Task goal - Set the listing down again in full, word for word, with the pictures left out.

Information provided -
=== Section Start ===
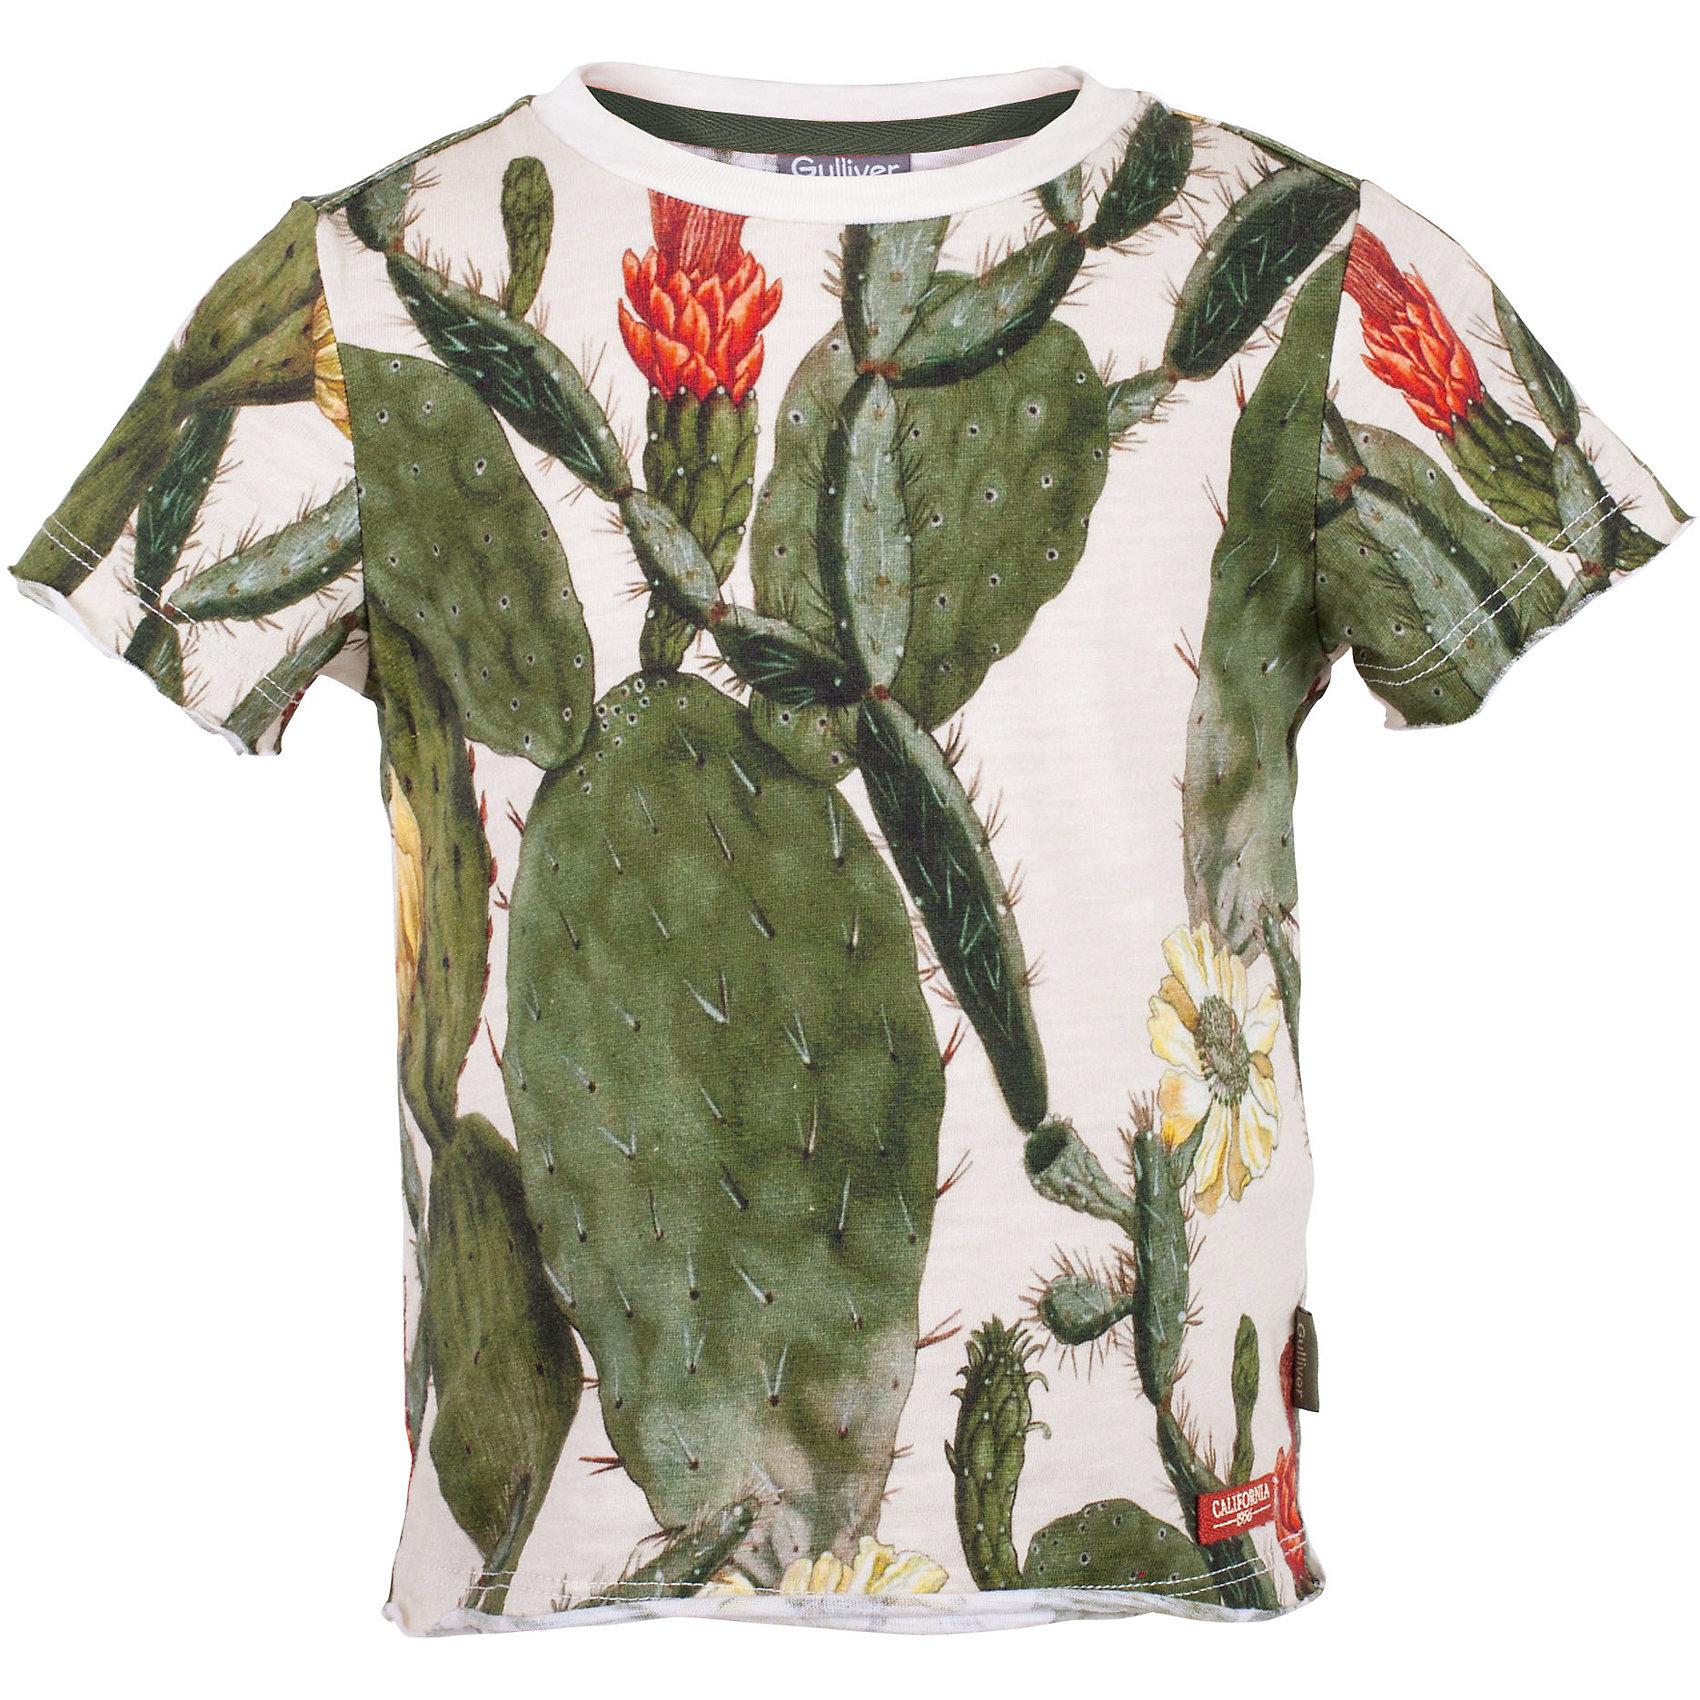 Футболка для мальчика GulliverЭта детская футболка из оригинального орнаментального трикотажа - настоящий шедевр! Авторский рисунок ткани не оставит равнодушными ни детей, ни их родителей. Если ваш ребенок активен и любознателен, вам стоит купить футболку из коллекции Аризона! Она создает отличное настроение и, наверняка, понравится мальчикам, мечтающим о путешествиях в дальние страны. Детская футболка с принтом - образец футболки с рисунком. Стильный дизайн, великолепное качество трикотажа, удобная посадка изделия на фигуре, обеспечивают прекрасный внешний вид, комфорт и свободу движений.<br>Состав:<br>100% хлопок<br><br>Ширина мм: 199<br>Глубина мм: 10<br>Высота мм: 161<br>Вес г: 151<br>Цвет: бежевый<br>Возраст от месяцев: 24<br>Возраст до месяцев: 36<br>Пол: Мужской<br>Возраст: Детский<br>Размер: 98,104,110,116<br>SKU: 5483778
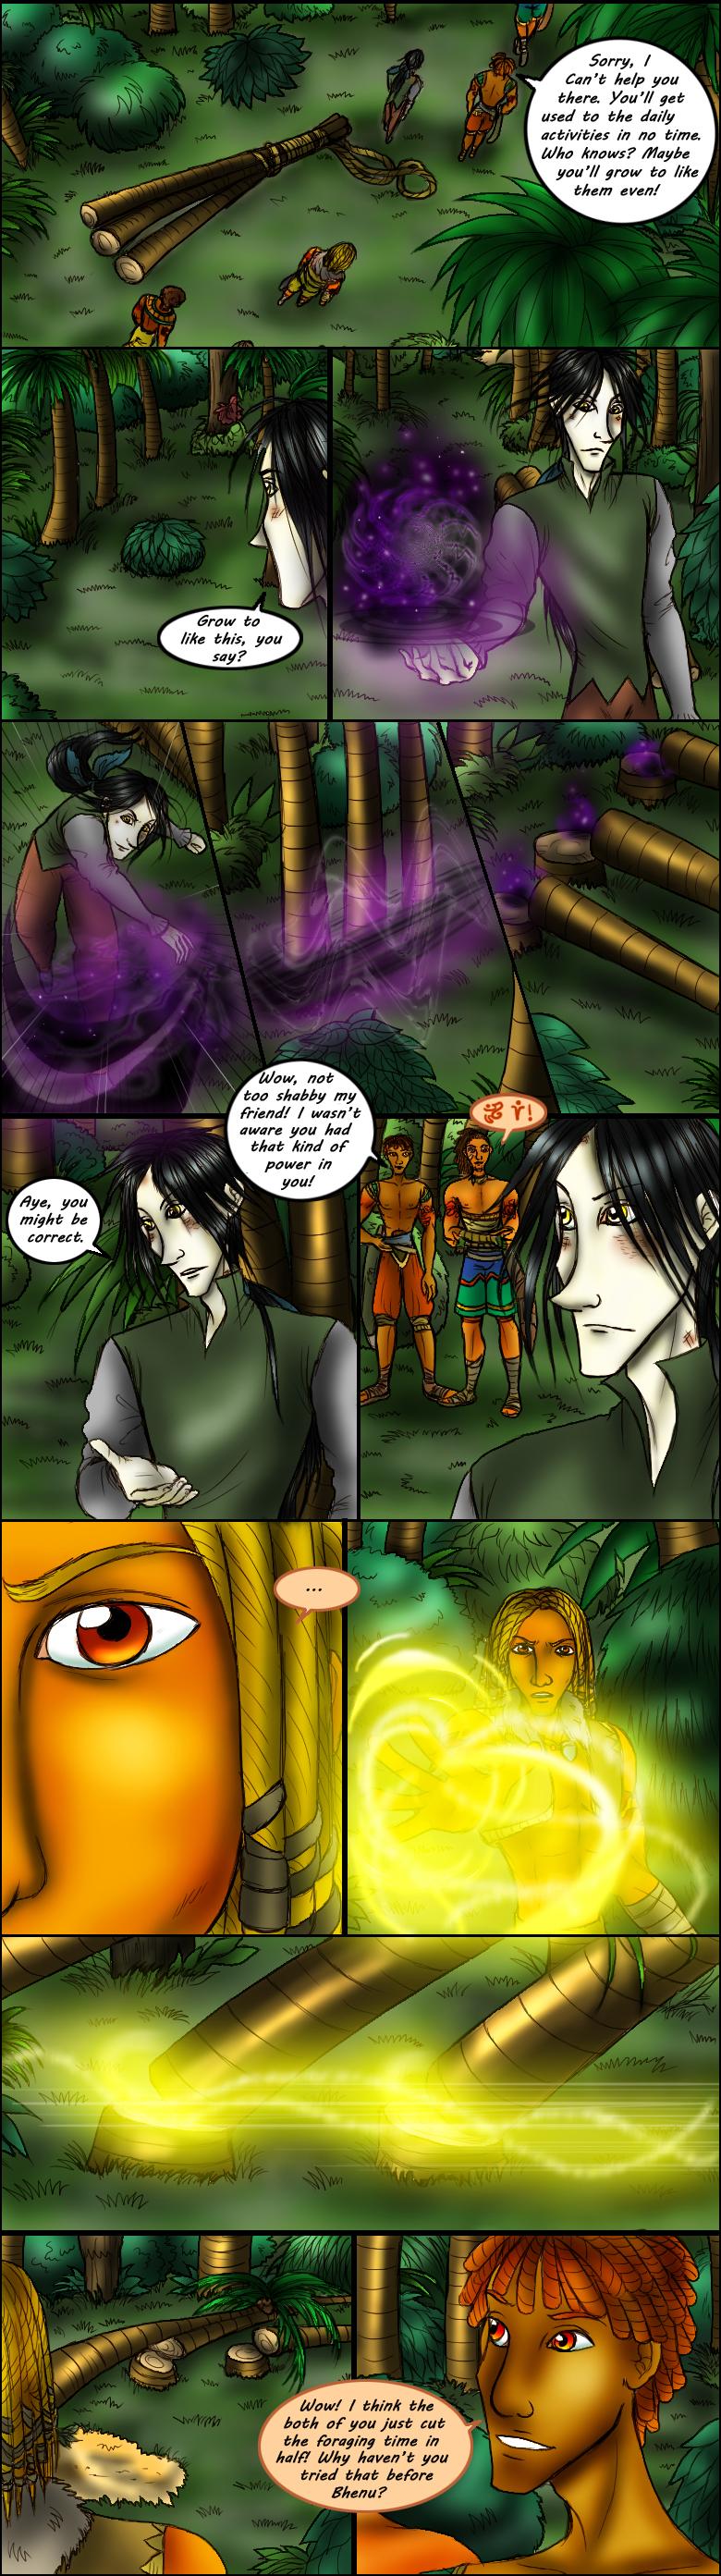 Page 57 – Boredom
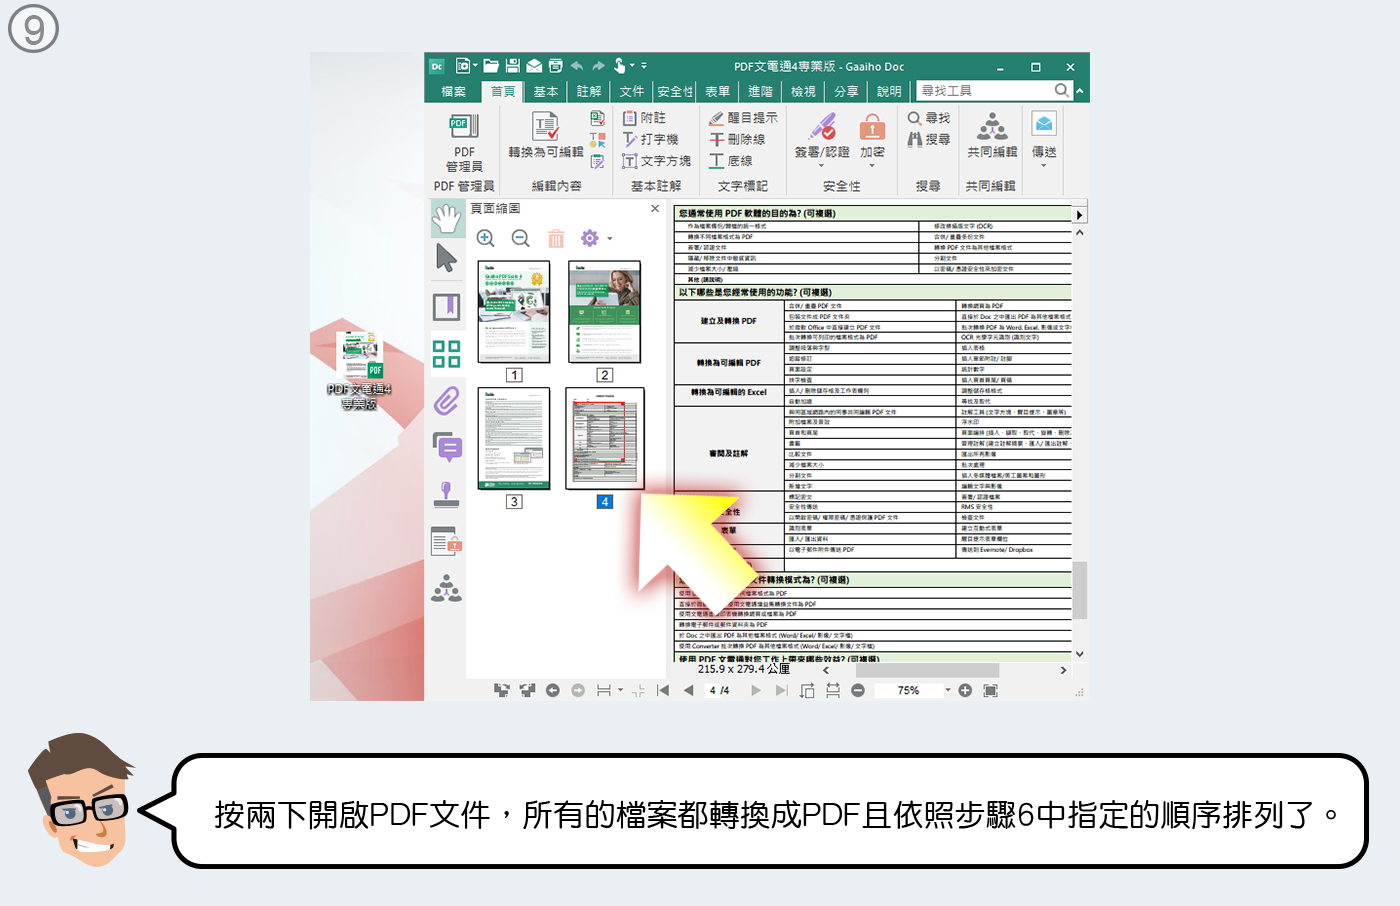 開啟PDF文件檢視剛剛所合併的結果
=== Section End ===
Answer for this exercise -
 Футболка для мальчика GulliverЭта детская футболка из оригинального орнаментального трикотажа - настоящий шедевр! Авторский рисунок ткани не оставит равнодушными ни детей, ни их родителей. Если ваш ребенок активен и любознателен, вам стоит купить футболку из коллекции Аризона! Она создает отличное настроение и, наверняка, понравится мальчикам, мечтающим о путешествиях в дальние страны. Детская футболка с принтом - образец футболки с рисунком. Стильный дизайн, великолепное качество трикотажа, удобная посадка изделия на фигуре, обеспечивают прекрасный внешний вид, комфорт и свободу движений.<br>Состав:<br>100% хлопок<br><br>Ширина мм: 199<br>Глубина мм: 10<br>Высота мм: 161<br>Вес г: 151<br>Цвет: бежевый<br>Возраст от месяцев: 24<br>Возраст до месяцев: 36<br>Пол: Мужской<br>Возраст: Детский<br>Размер: 98,104,110,116<br>SKU: 5483778
 Page 57 – Boredom
 開啟PDF文件檢視剛剛所合併的結果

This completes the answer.